George Floyd: Videos of police brutality during protests shock US

  • 2020-06-05 19:49:19
Several videos of police brutality have emerged during protests over the death of African American George Floyd. In Buffalo, New York State, two officers were suspended after they were seen shoving an elderly white man to the ground. And in New York City, police were captured on video roughly handling demonstrators as they ran away. The reports come hours after a memorial for Floyd in Minneapolis, the city where he died at the hands of police. His killing, also captured on video, has caused outrage and sparked a wave of protests against racial discrimination and police treatment of African Americans in cities across the US and the world. The vast majority of demonstrations over the past eight days have been peaceful but some have descended into violence and rioting, with curfews imposed in a number of cities. At one protest, security forces in Washington DC fired pepper balls and smoke bombs to disperse demonstrators outside the White House, allowing President Donald Trump to walk to a nearby church for a photo opportunity. In response to this on Thursday, civil rights group the America Civil Liberties Union filed a lawsuit, accusing the president, the attorney general and others of violating the constitutional rights of protesters. "When the nation's top law enforcement officer becomes complicit in the tactics of an autocrat, it chills protected speech for all of us," said ACLU official Scott Michelman, quoted by Reuters. In a separate development, police in Arizona released details of the killing of another African American, Dion Johnson, in Phoenix on 25 May, the same day as Floyd.

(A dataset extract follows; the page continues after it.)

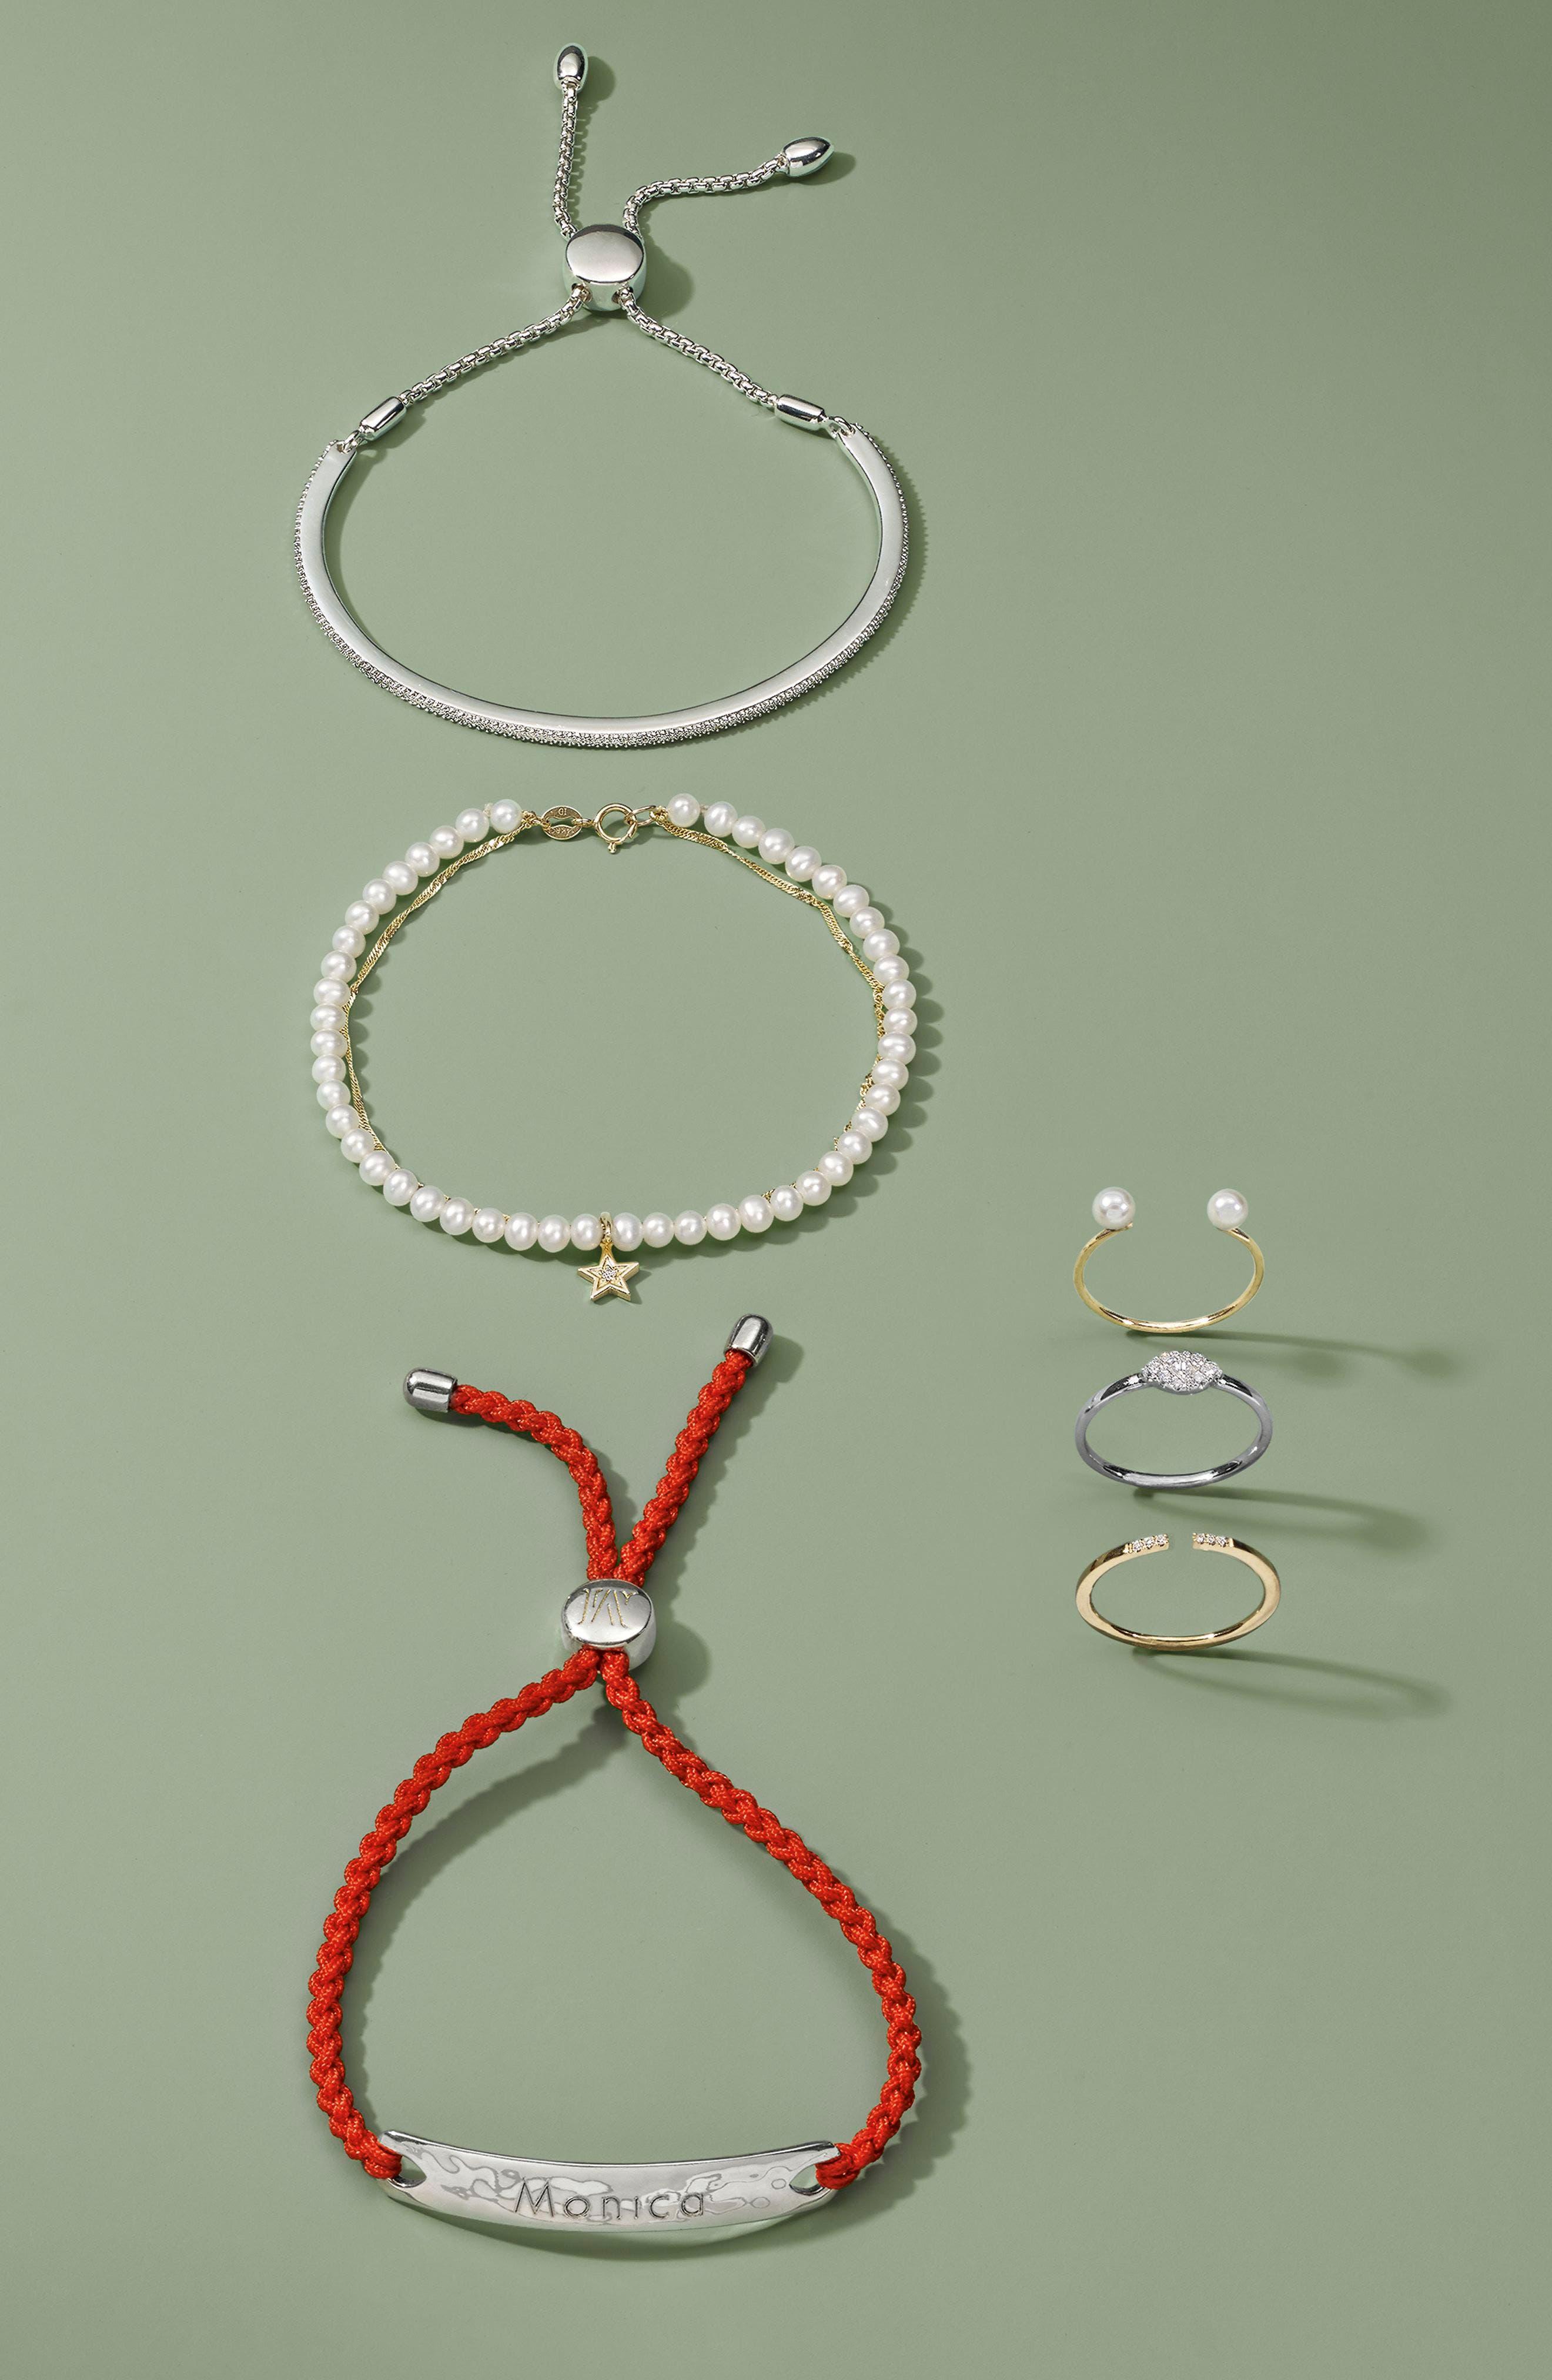 Pavé Diamond & Pearl Chain Bracelet,                             Alternate thumbnail 2, color,                             Yellow Gold
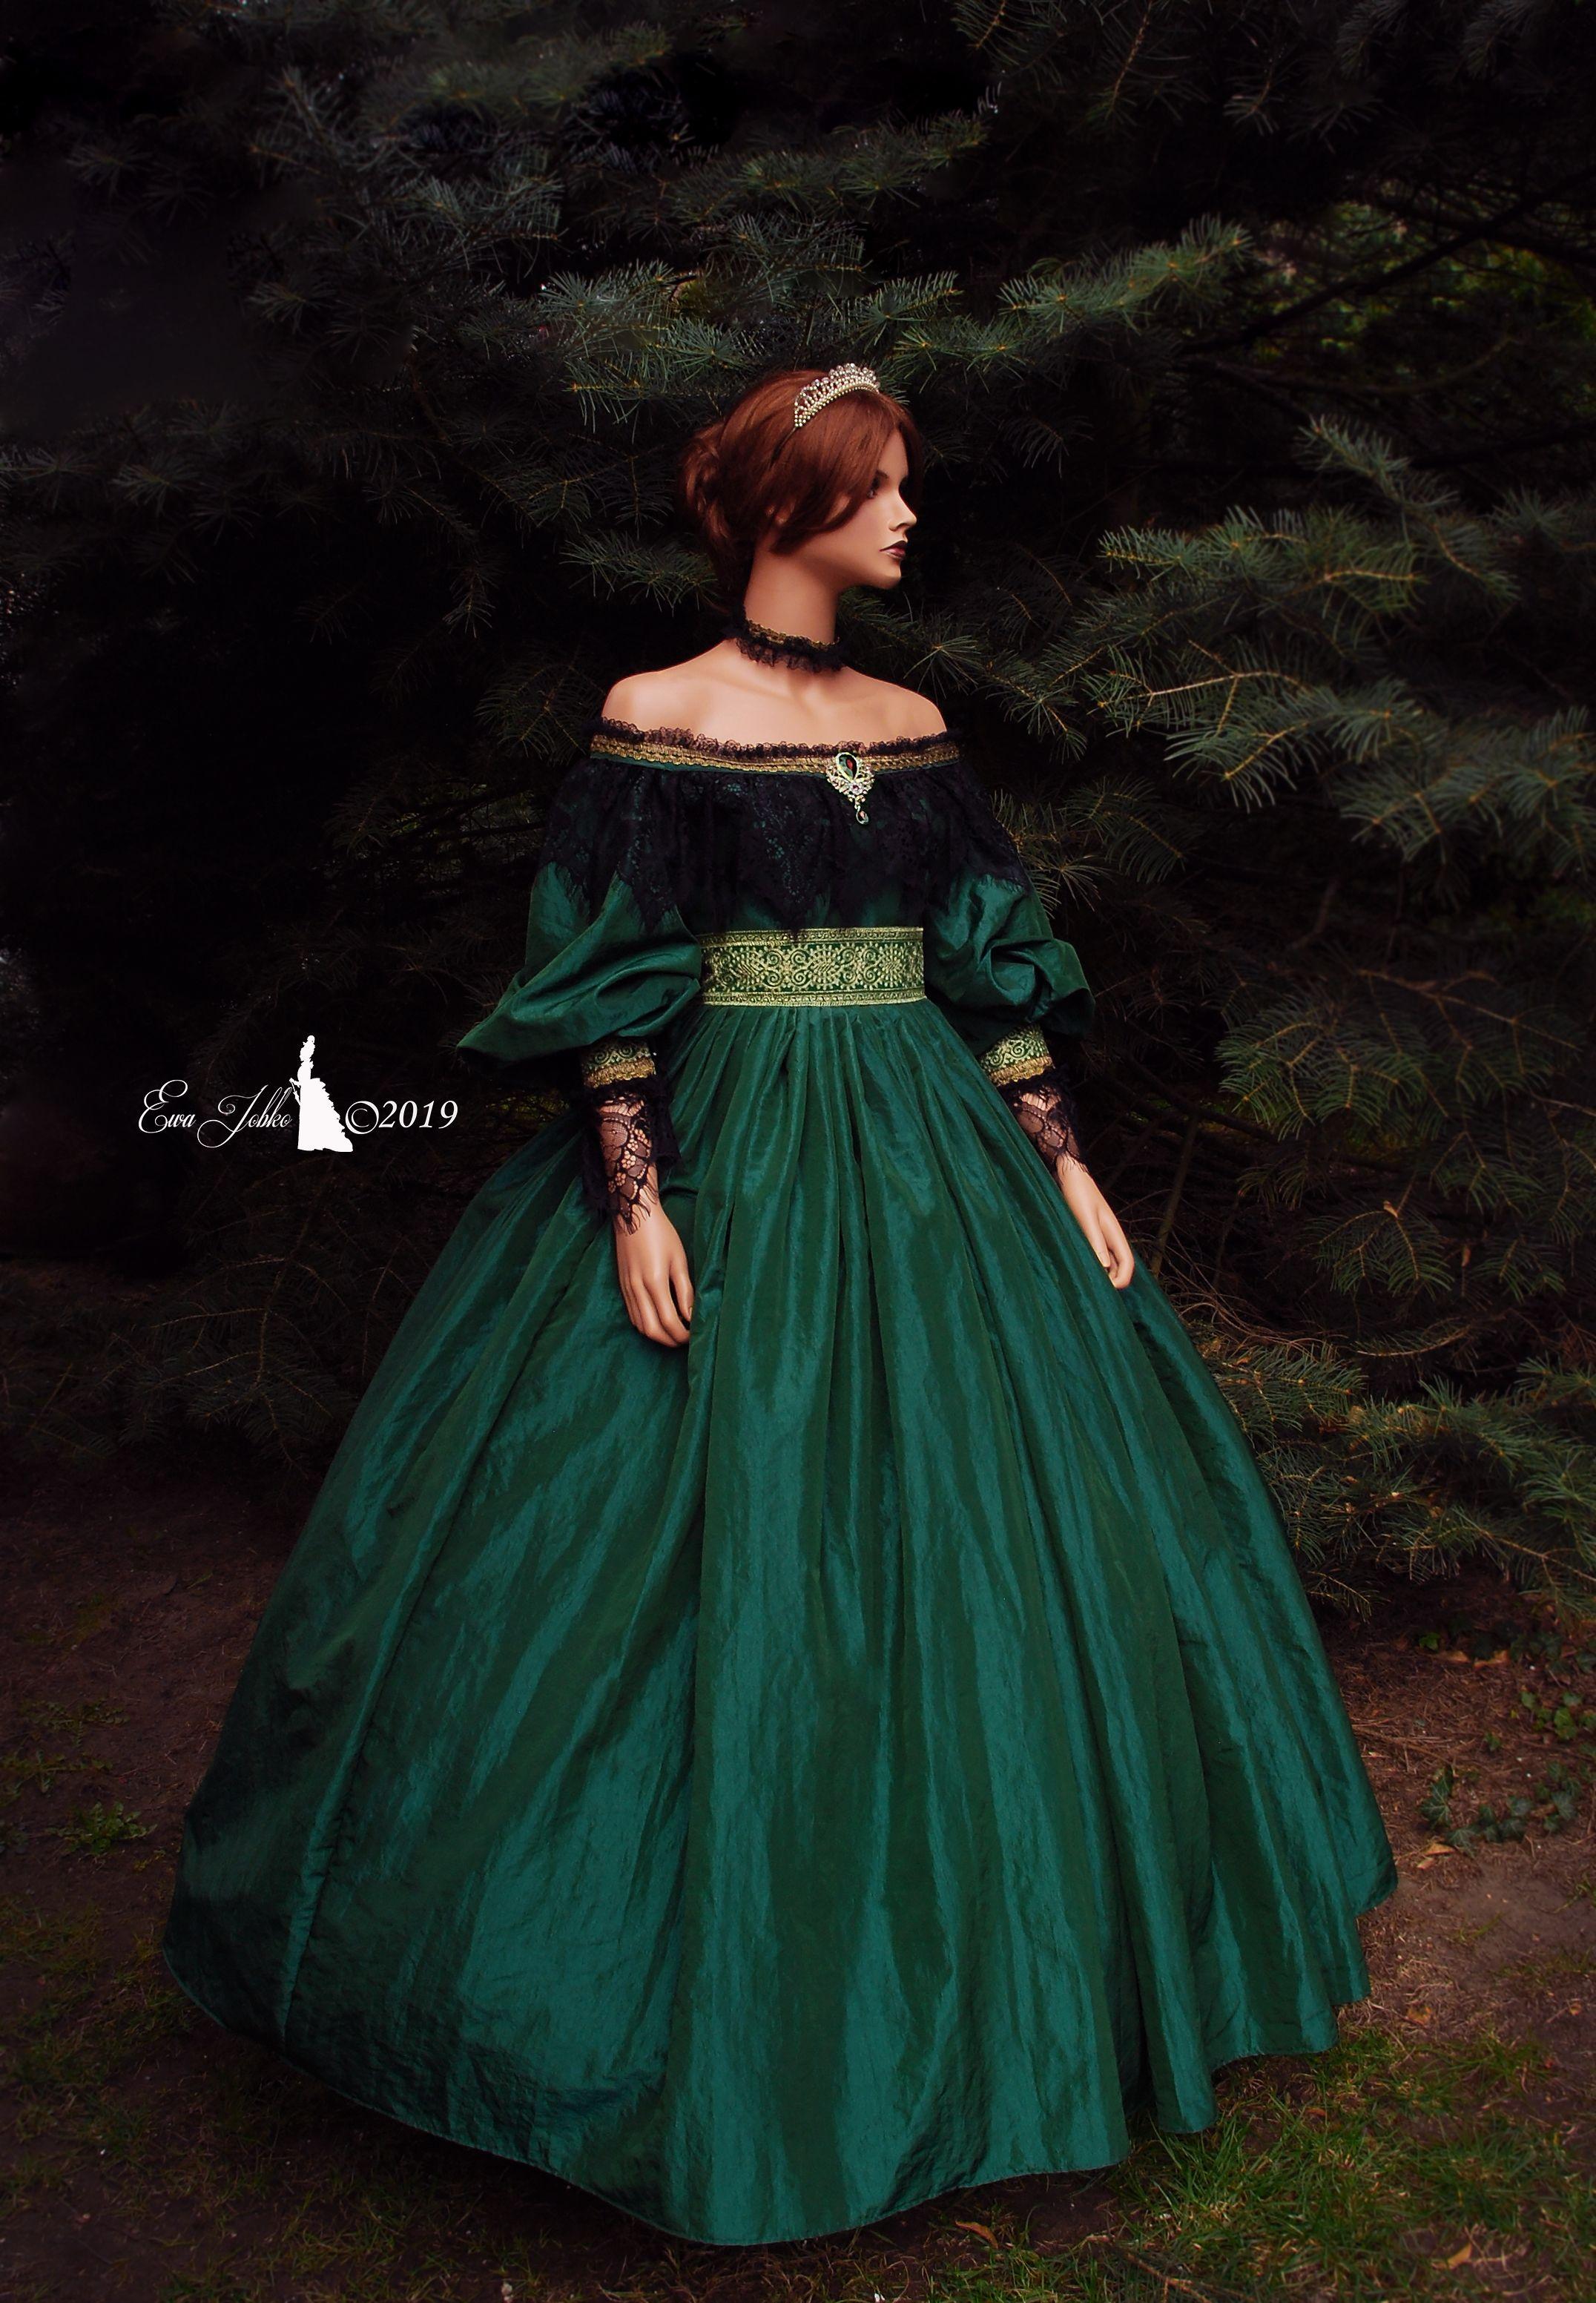 Pin By Settampola On My Work Queen Dress Fairytale Dress Victorian Dress [ 3105 x 2152 Pixel ]

Johnson was shot dead by state troopers after being found "passed out in the driver's seat" of a car which was partially blocking traffic, a police statement said. "During the trooper's contact with the suspect, there was a struggle and the trooper fired his service weapon striking the suspect," police said. The statement was only released after Johnson's family was offered audio of the police dispatch and transportation department video of the incident.